Service outage 31st July & 1st August 2014
We are really sorry about the prolonged service outage experienced from about 20:30 hours on 31st July to 23:50 hours on 1st August 2014 (GMT +1 times). The reasons for this outage are numerous, complicated and still somewhat unknown. Unfortunately the outage was also completely out of our hands.
At aproximately 20:30 last night the internet connection between the the Cre@tive technologies servers and the ISP's point pf presence in Telehouse went down. All the servers themselves were online, but nothing had access to "the outside world"due to the ISP fault. ( the ISP is a very large UK IT company, and many customers, including government departments were affected)
The ISP had engineers working on the issue from the early hours of 1st August at their datacentre in Telehouse London. Unfortunately we didn't receive any meaningful updates until 15:30, when it became apparent that the outage had been caused by multiple failures of multiple firewalls at Telehouse.

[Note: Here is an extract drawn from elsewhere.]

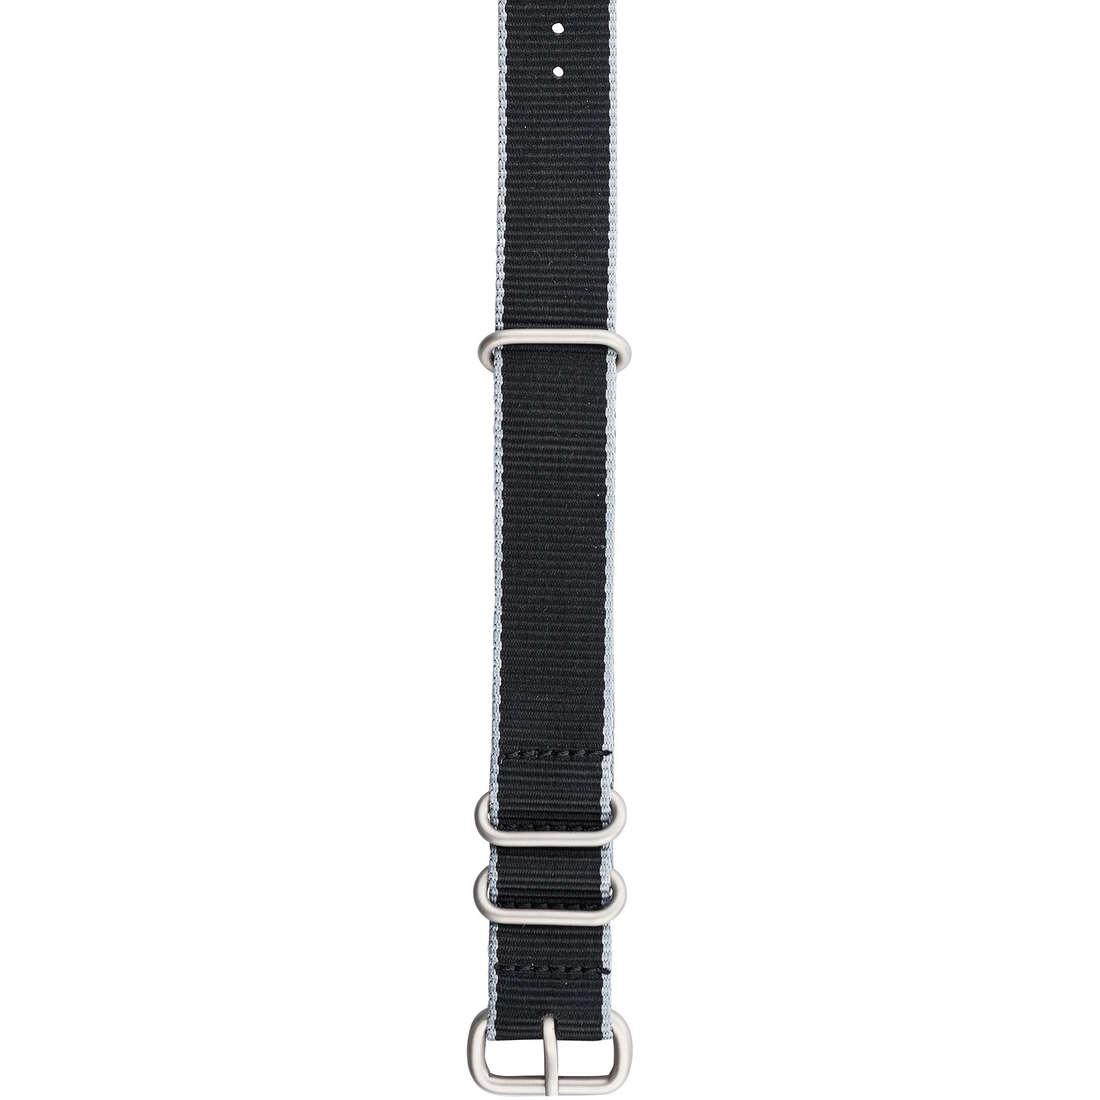 orologio cinturino orologio uomo Brosway W2 WW2c29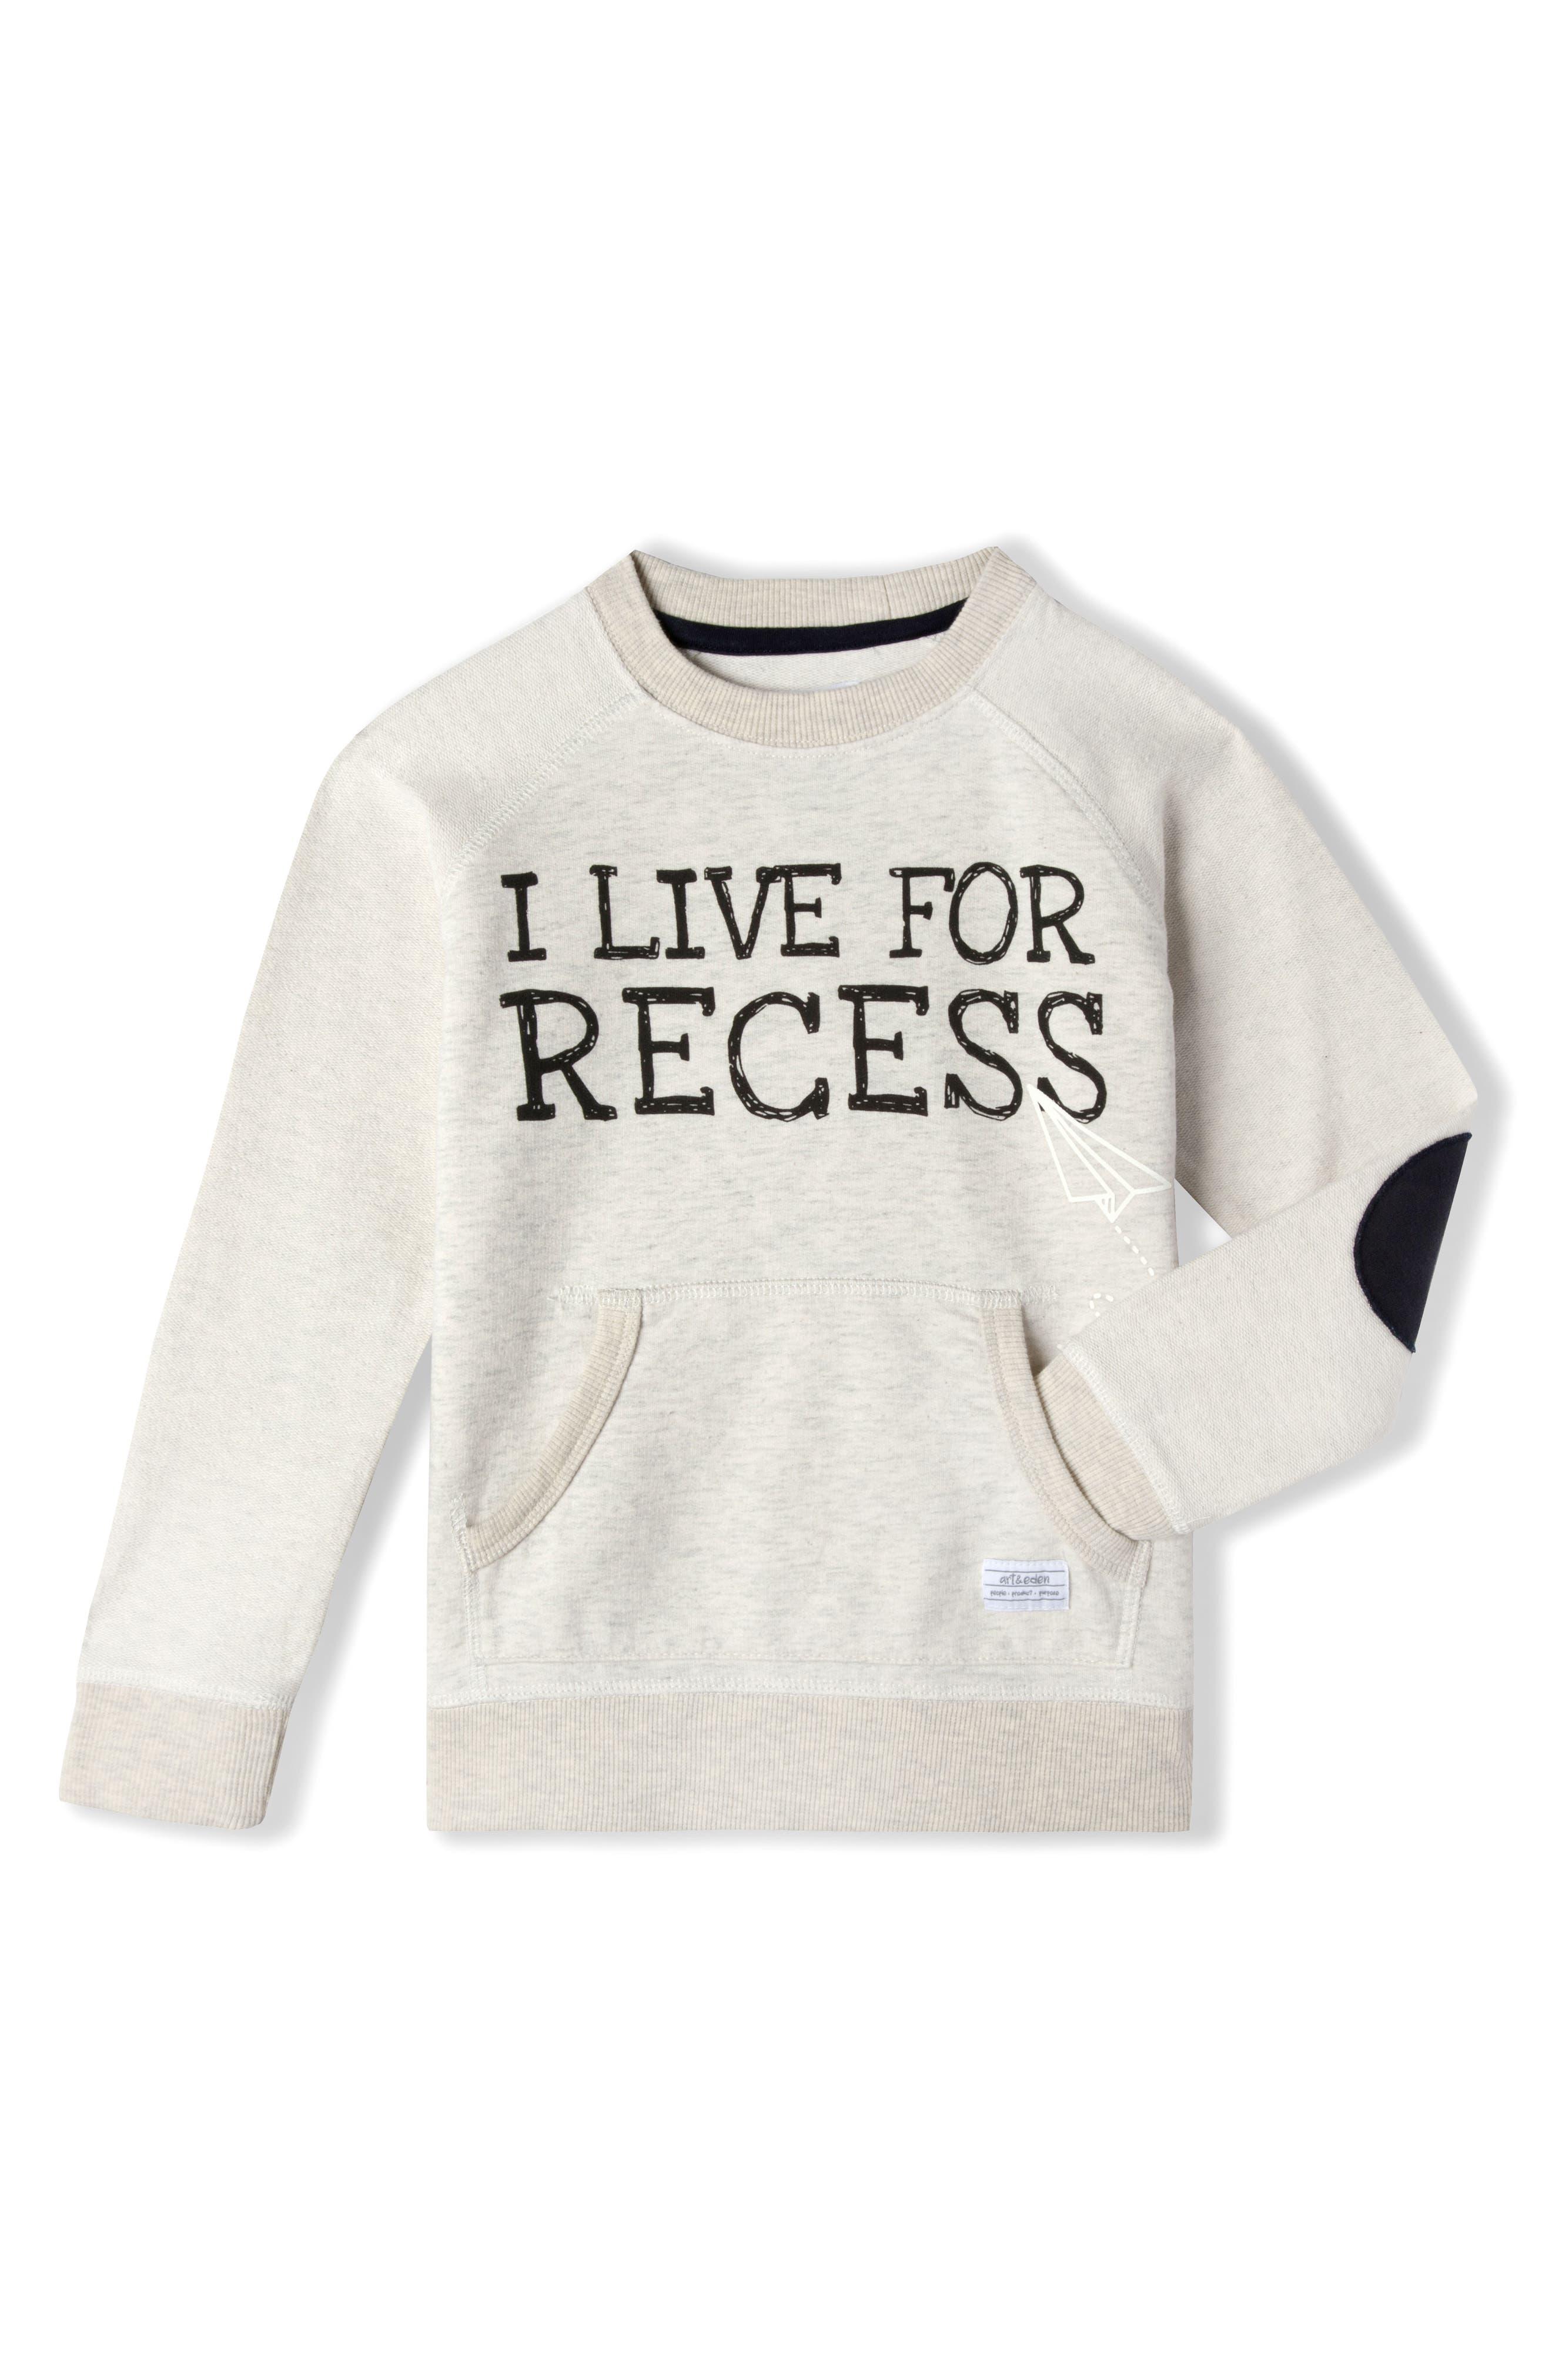 Recess Organic Cotton Sweatshirt,                             Main thumbnail 1, color,                             903

The ISP had been trying to restore their firewalls since aprox 13:00, but these restores had failed until aprox 19:00, when the first services started to come back online. At this time, while it was possible to contact the Cre@tive technologies servers, there was no DNS resolution passing through the ISP's firewalls, meaning that individual sites and services still apeared offline to the internet.
Following more testing and some different fixes (and the power of Twitter), the ISP told us at 23:45 that DNS should be restored, which indeed proved to be the case, making the server fully available again.
We will post more information about the causes of the outage when / if the ISP ever reveals them.
What can we do to stop this happening again? In short; not a lot. This was a very unusual error and the first and only time I've known this ISP / IT company to have such a large outage.